Conditional exchange is the process of changing a material conditional into a disjunction, and works by changing this:
P → Q
~P ∨ Q
How can we justify this? The truth tables for each of the statements are exactly the same. Saying that P implies Q is logically equivalent to saying that P is not the case or Q is the case. The language around some of the or statements can get tricky, which is why we use the formalism instead. We can see this in use in an example, pulled from the characters of Maurice Sendak’s “Where the Wild Things Are”. Because that book is awesome. If you haven’t read it, the upshot is that Max, a bit of a wild child, travels to the land of the Wild Things and becomes their king.

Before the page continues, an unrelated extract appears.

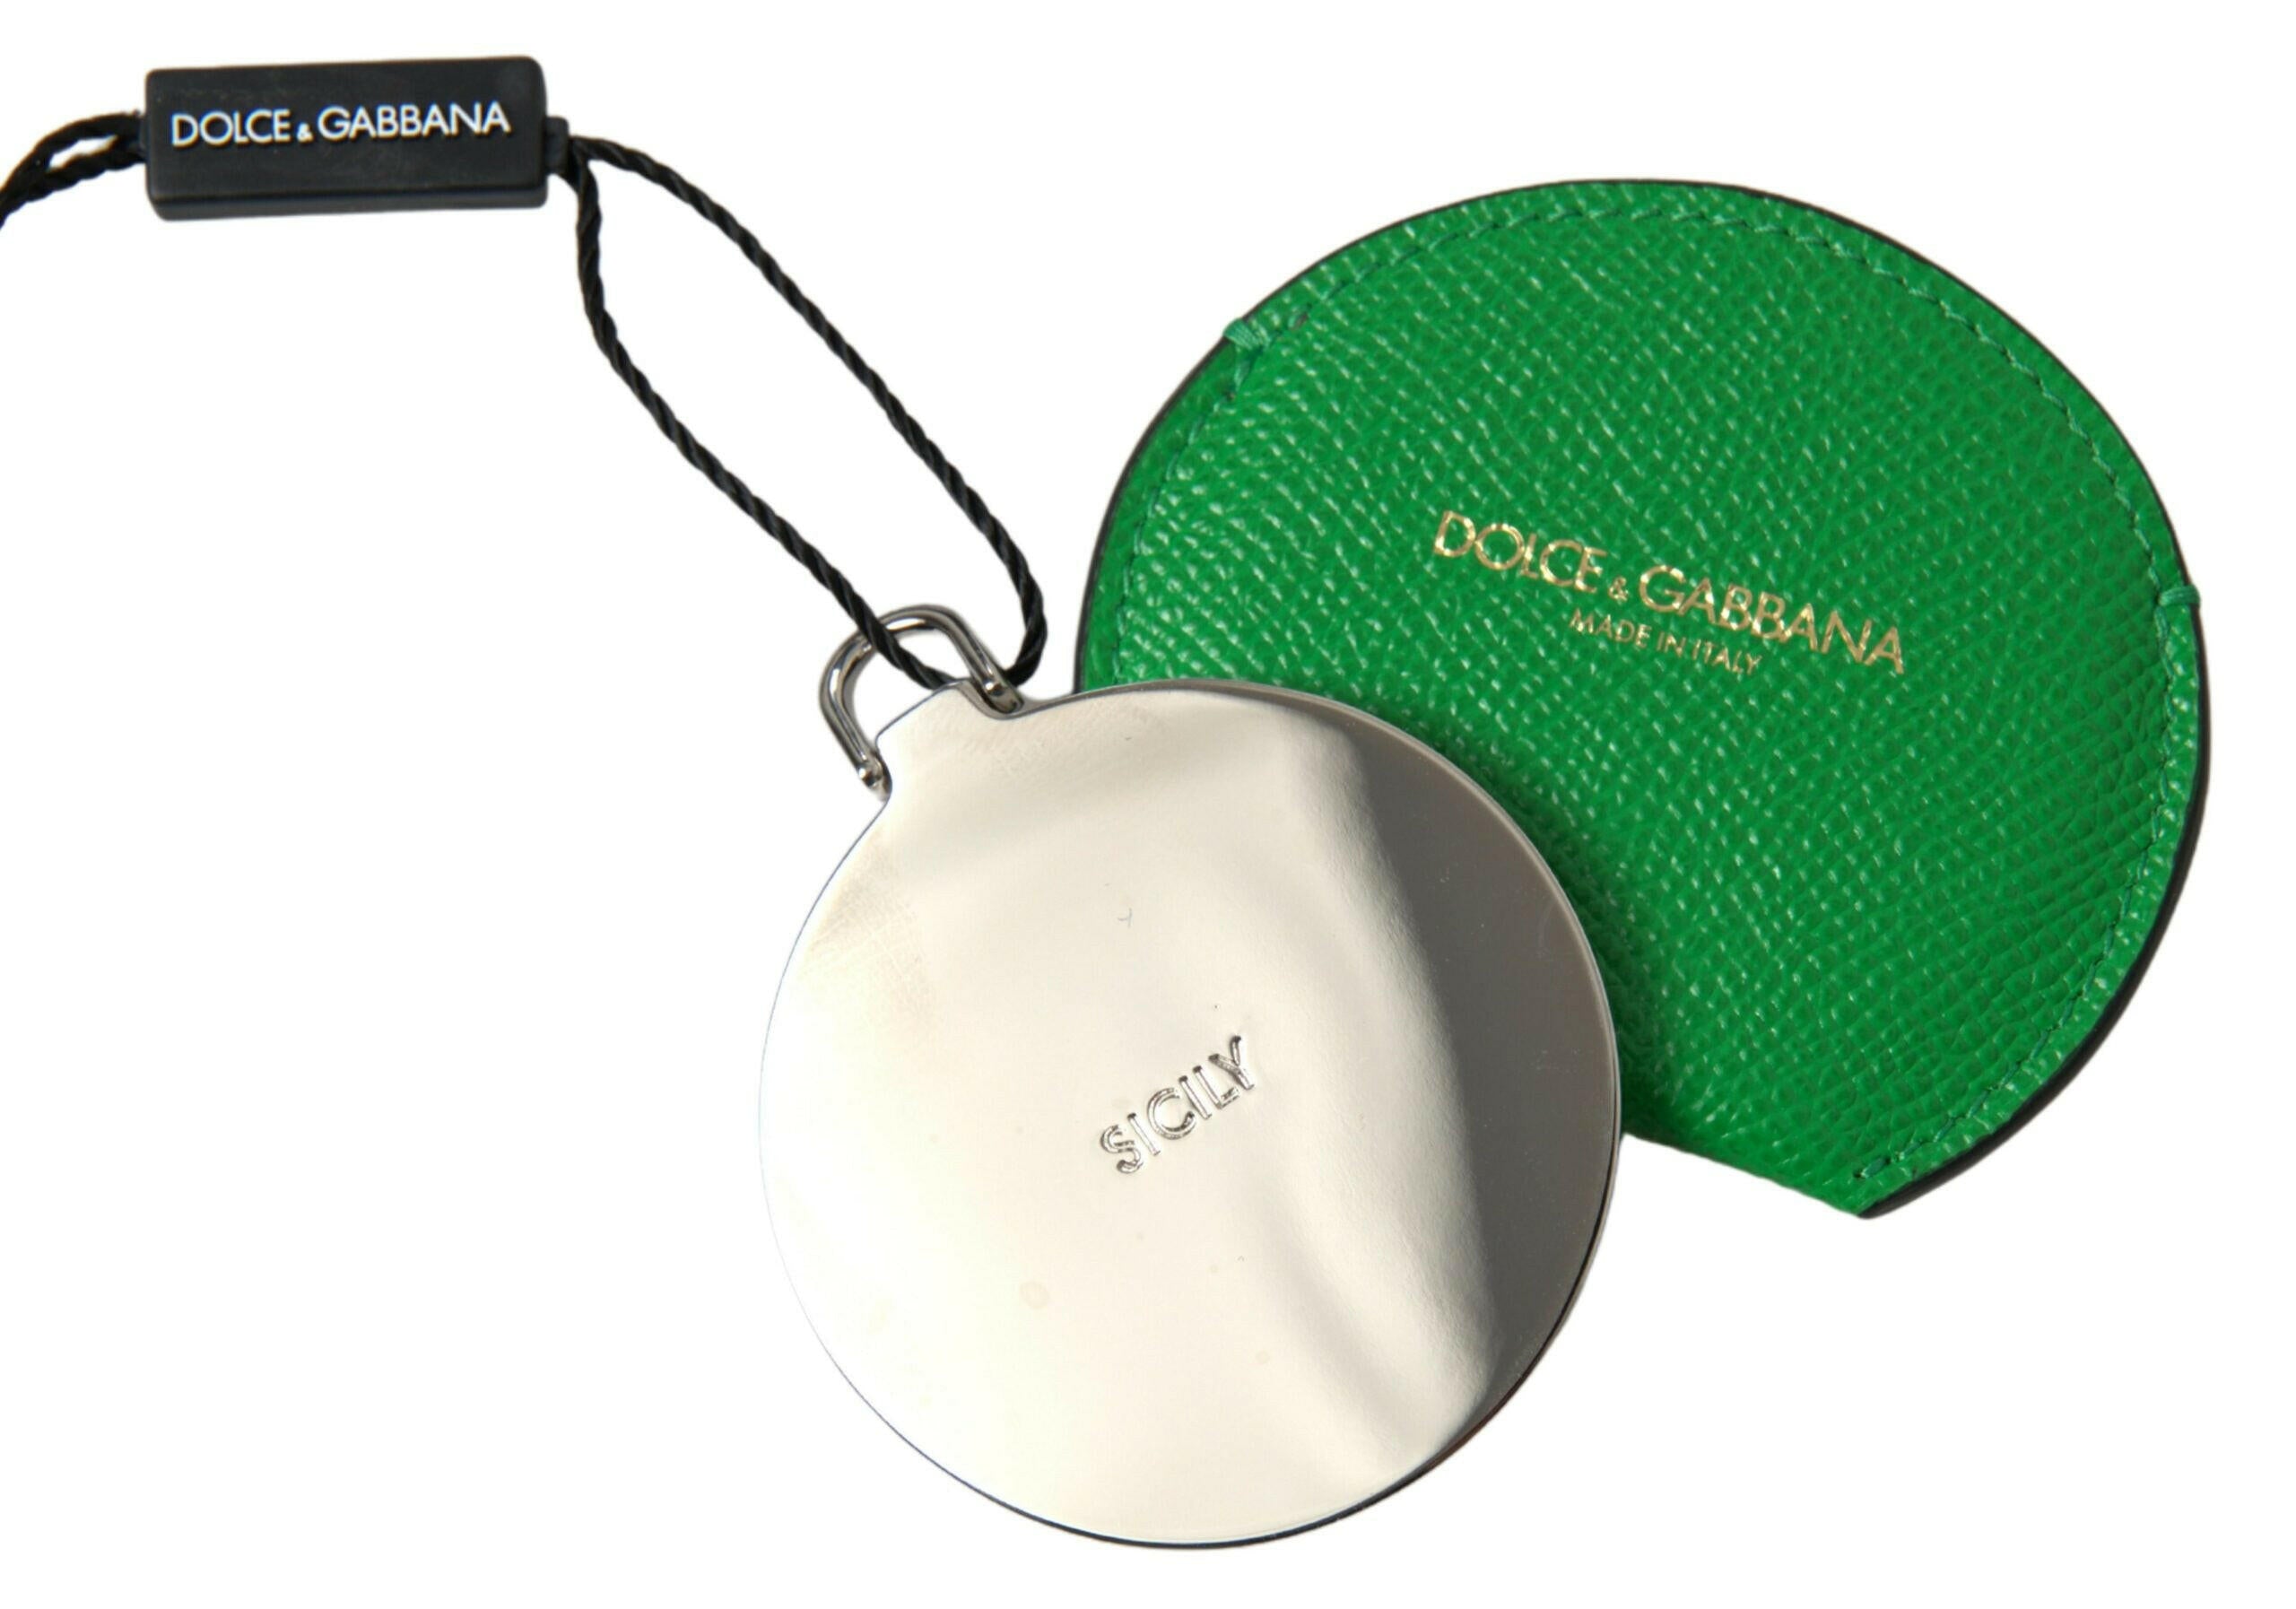 Dolce & Gabbana Green Calfskin Leather Round Logo Hand Mirror Holder - GENUINE AUTHENTIC BRAND LLC

But he gets lonely, and misses his home, and gives up being king to go home and eat a good dinner. I have in no way done it justice, and if you really can’t wait to read it, check out this great reading. Anyway, while Max was sitting under the tree feeling lonely, his train of thought might have gone something like this.

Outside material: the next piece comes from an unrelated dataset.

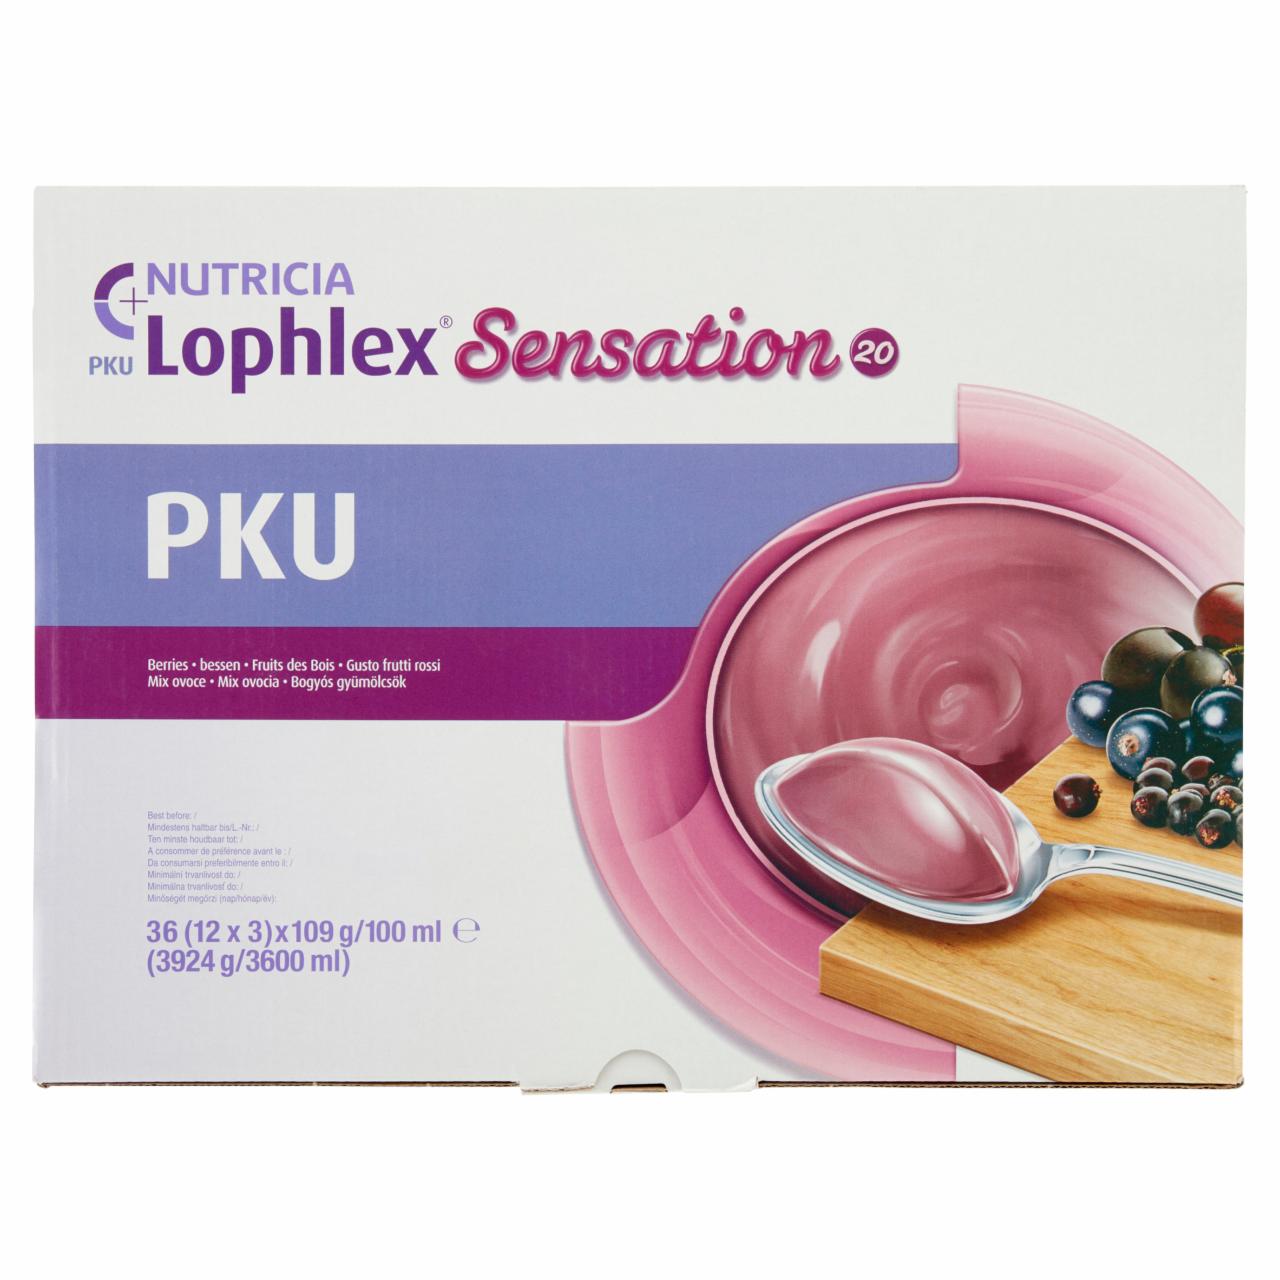 Képek - Nutricia PKU Lophlex Sensation bogyós gyümölcsök gyógyászati célra szánt élelmiszer 36 x 109 g

1. I will either not go, or be loved. (~G ∨ L)
2. I will go. (G)
3. Therefore, I will be loved. (L)
Well, there’s no rule of inference that leads to that conclusion from those premises. We have to use conditional exchange.

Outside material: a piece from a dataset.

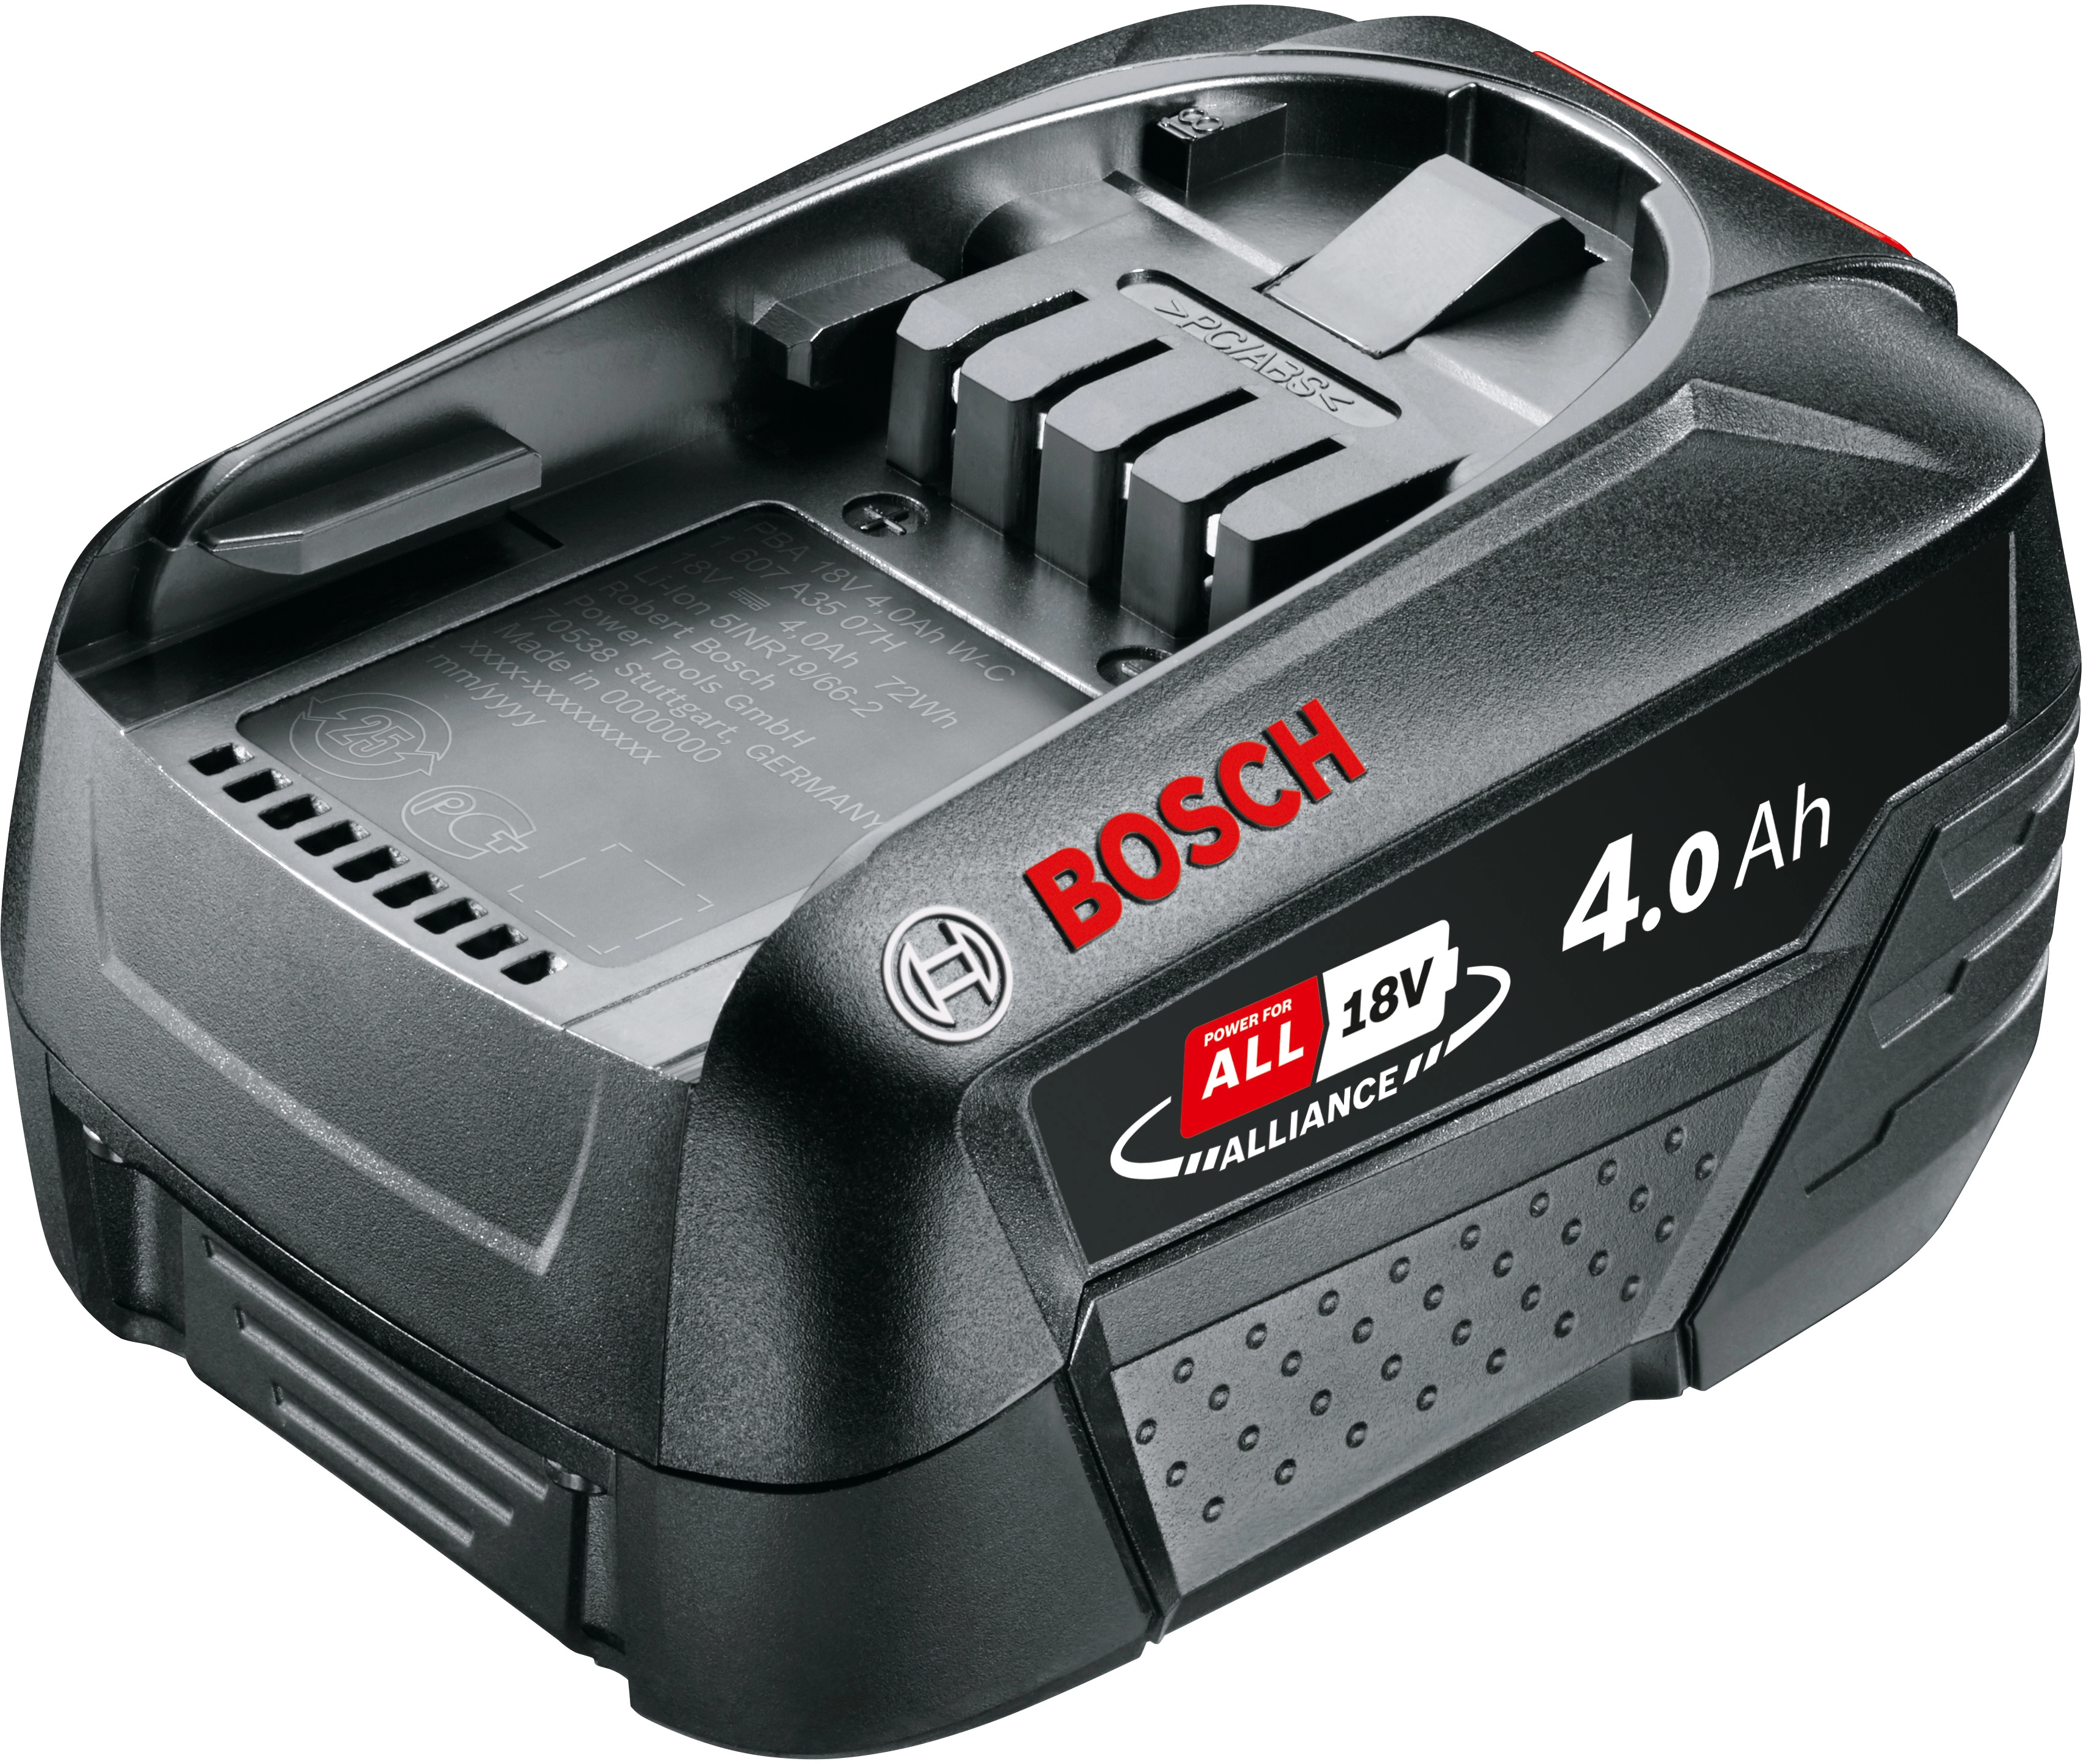 Jetzt gratis 18V Bosch Akku mit  sichern

4. If I go, then I will be loved. (G → L) Conditional Exchange from 1
5. Therefore I will be loved. (L) Modus Ponens from 2 and 4.
Max’s logic is valid after all. And to spoil the ending, it was also sound. He ate a delicious dinner, and lived happily ever after. Maurice Sendak died this week, but he’ll live on through all the kids he moved with his book, and I’m one of those. Or at least, I enjoy a good rumpus now and again. And a good dinner. Anyway, thanks for reading, and I’ll leave you with a slightly more complicated proof this week.
1. L ∨ ~D
2. D ∨ D
3. (L ∨ S) → G